Every line in the records below with the string "Stock" needs to be copied out.

#### PROVIDED RECORDS

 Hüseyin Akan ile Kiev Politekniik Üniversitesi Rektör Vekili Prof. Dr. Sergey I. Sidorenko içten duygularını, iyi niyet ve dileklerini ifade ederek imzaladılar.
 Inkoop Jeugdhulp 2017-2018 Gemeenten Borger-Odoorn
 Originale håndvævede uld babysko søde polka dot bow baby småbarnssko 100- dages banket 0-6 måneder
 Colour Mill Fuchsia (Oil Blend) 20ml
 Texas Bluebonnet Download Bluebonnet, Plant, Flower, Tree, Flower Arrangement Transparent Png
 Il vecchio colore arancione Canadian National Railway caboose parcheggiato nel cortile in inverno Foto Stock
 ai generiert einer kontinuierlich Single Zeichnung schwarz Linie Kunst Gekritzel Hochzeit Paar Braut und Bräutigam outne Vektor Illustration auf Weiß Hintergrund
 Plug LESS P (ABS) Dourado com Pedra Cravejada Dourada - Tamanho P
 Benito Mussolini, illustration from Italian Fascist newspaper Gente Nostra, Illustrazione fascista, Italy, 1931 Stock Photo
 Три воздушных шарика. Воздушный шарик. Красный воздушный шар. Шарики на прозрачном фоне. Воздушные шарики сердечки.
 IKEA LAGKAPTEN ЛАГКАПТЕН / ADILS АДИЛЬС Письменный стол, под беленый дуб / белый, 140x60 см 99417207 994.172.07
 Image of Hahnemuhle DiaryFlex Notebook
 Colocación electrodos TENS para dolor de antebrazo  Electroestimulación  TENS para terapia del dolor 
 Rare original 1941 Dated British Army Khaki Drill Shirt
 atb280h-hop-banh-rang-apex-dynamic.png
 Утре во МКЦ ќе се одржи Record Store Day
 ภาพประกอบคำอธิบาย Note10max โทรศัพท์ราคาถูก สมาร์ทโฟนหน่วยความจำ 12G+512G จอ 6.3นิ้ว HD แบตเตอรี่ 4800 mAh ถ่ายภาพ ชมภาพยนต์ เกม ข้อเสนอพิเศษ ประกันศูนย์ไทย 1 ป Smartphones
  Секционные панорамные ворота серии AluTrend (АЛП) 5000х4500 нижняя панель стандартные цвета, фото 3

########

→ **EXERCISE RESULT**:
 Il vecchio colore arancione Canadian National Railway caboose parcheggiato nel cortile in inverno Foto Stock
 Benito Mussolini, illustration from Italian Fascist newspaper Gente Nostra, Illustrazione fascista, Italy, 1931 Stock Photo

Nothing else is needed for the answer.